Anyway, before leaving London, I did write nearly the whole of a post for JWN about some exhibits I saw in London. Just now, I tried to finish that post up. So even though there’s been a delay of some days in posting it, let me put it in here:

Europe’s conquest of the world: Some reflections in art

I have now been here in London for nearly a month, and I’ve had a
number of opportunities to wander around this great city and see some
of the many fine exhibitions and museums within it.

One of the most arresting art galleries was the National Portrait Gallery,
where by chance I walked into the small room containing this collection
of small-ish black and white photographs titled Blair at War: Photographs by Nick
Danziger
.  Basically,
sometime in early 2003 as the invasion of Iraq drew closer, someone in
Tony Blair’s entourage (Tony himself, perhaps?) decided that what the
PM needed was a small reportorial team to chronicle these approaching
days of “Churchillian” decisiveness…  And thus, from mid-March
to mid-April of that year, as the blurb for the exhibit puts it,
“photojournalist Nick Danziger and Times Literary Supplement editor
Peter Stothard were given thirty days of unprecedented access to the
Prime Minister and his closest aides.”

Unprecedented, perhaps– but pretty certainly not “total” access. 
Still, what we do see in these two dozen or so stills is intriguing
enough: mainly, Blair trying desperately hard to look “Churchillian” as
he pregressively realizes that a lot of his own Labour backbenchers are
against the war… his Foreign Secretary Robin Cook will resign… most
European leaders will be against the war, etc.

I found the first image– and its caption– particularly tragic. 
Blair is shown in a distant, sunny corner of his “den” in Number 10
Downing Street (and also, artfully reflected in a large wall mirror
there.)  He is on the phone– to Yasser Arafat, as it
happens.  And in the caption, Stothard recalls the Blair end of
this conversation.  It is March 14, 3:30 p.m. London times, and
Blair is saying,

“Hello, Mr Chairman. It’s Tony Blair
here… Yes, Mr.
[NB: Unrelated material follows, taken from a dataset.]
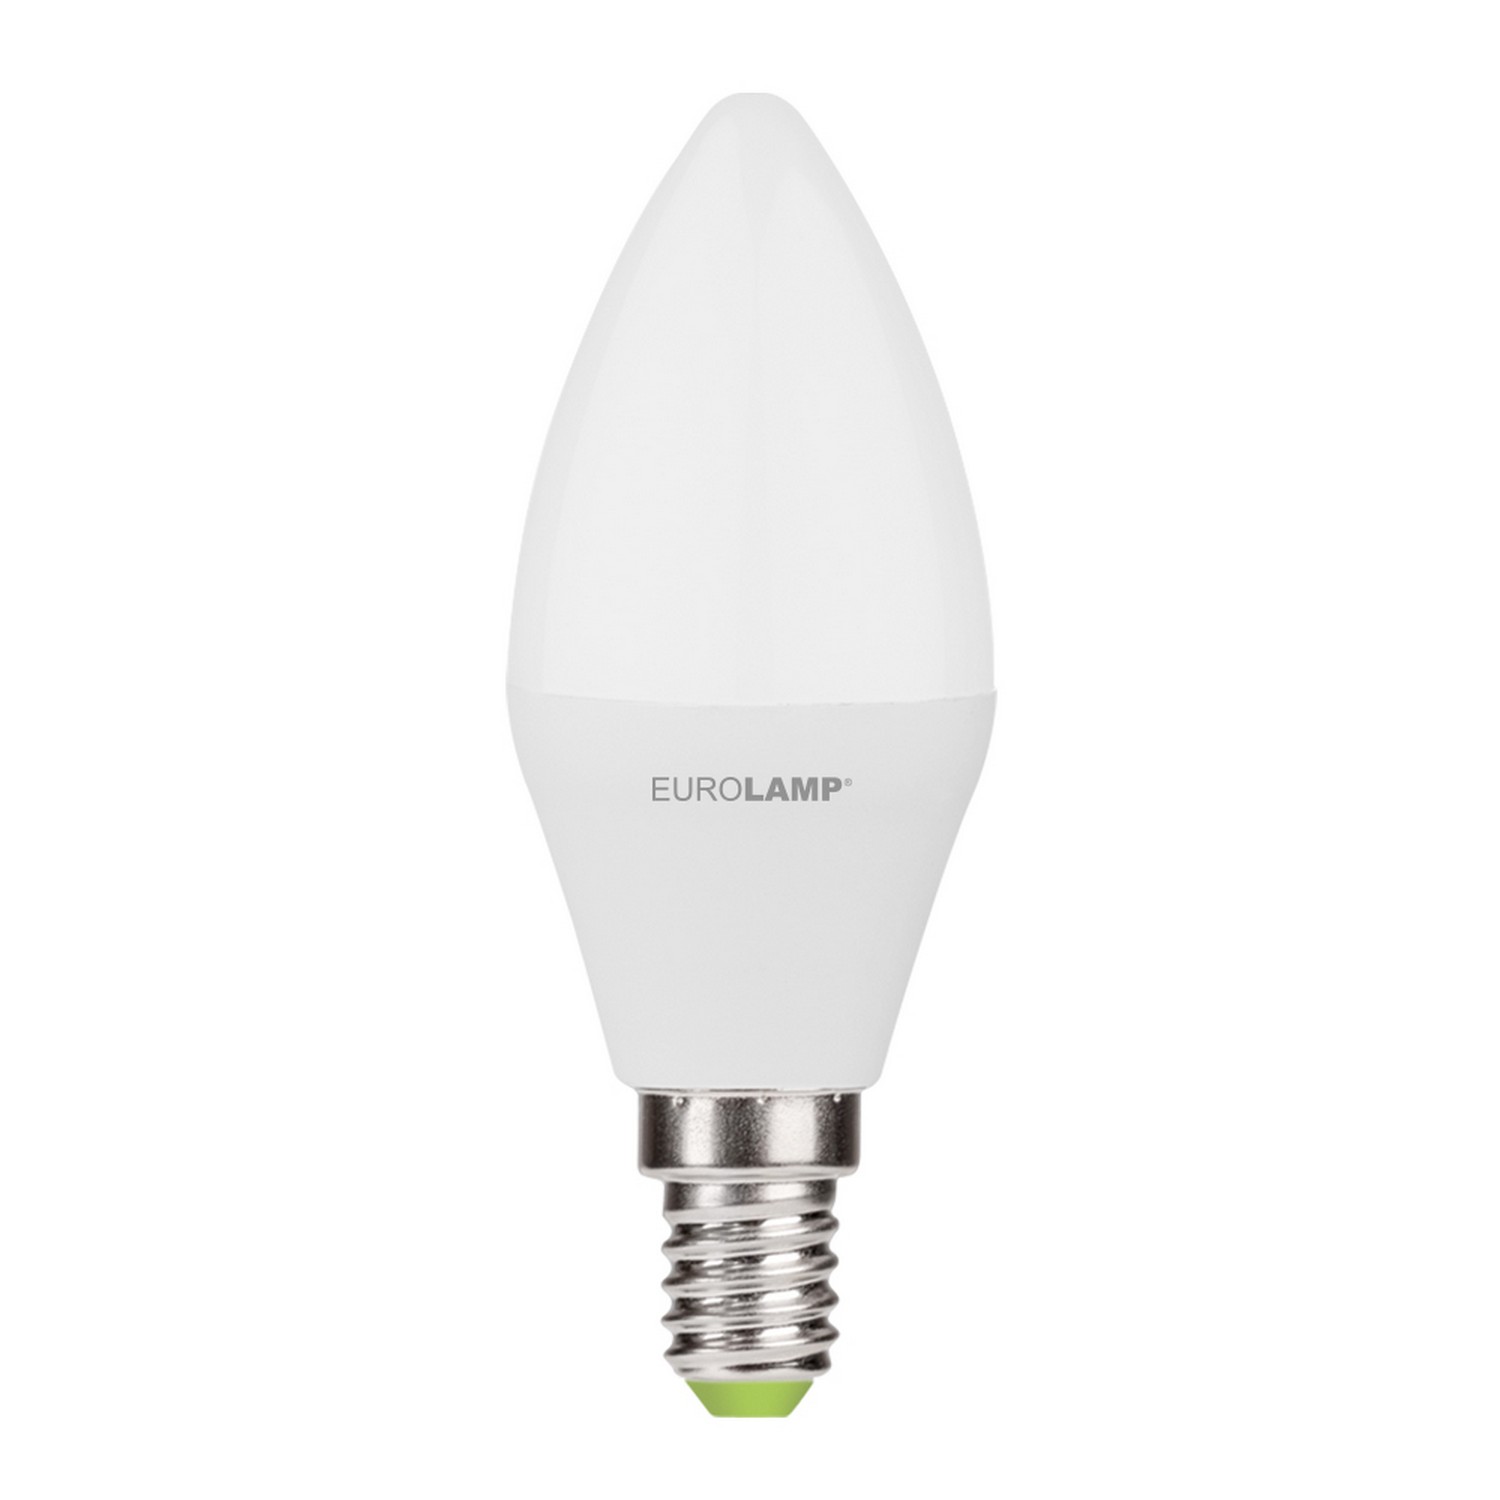 Лампа Eurolamp LED EKO Свеча 7W E14 3000K акция "1+1" цена 0.00 грн - фотография 2

Chairman, this is precisely to end the suffering of
the Palestinian people.”

I’m assuming that the “this” in question was the very imminent invasion
of Iraq, in which Blair was so heavily involved along with his friend
and master, George W. Bush.

Did Arafat really believe at the time that the point of the war was
“precisely to end the suffering of
the Palestinian people”?

Did Blair?

… Anyway, equally as interesting as looking at the photos themselves,
there in that small, enclosed room, was watching the faces and
close attentiveness of the dozen or so visitors who at any one time
were closely examining the images and their captions.  These
people seemed mainly to be Brits.  They were quiet and thoughtful
as they peered at each image…  There, four years into the war in
question…  I wish I’d whipped out my notebook
and interviewed some of them as they left.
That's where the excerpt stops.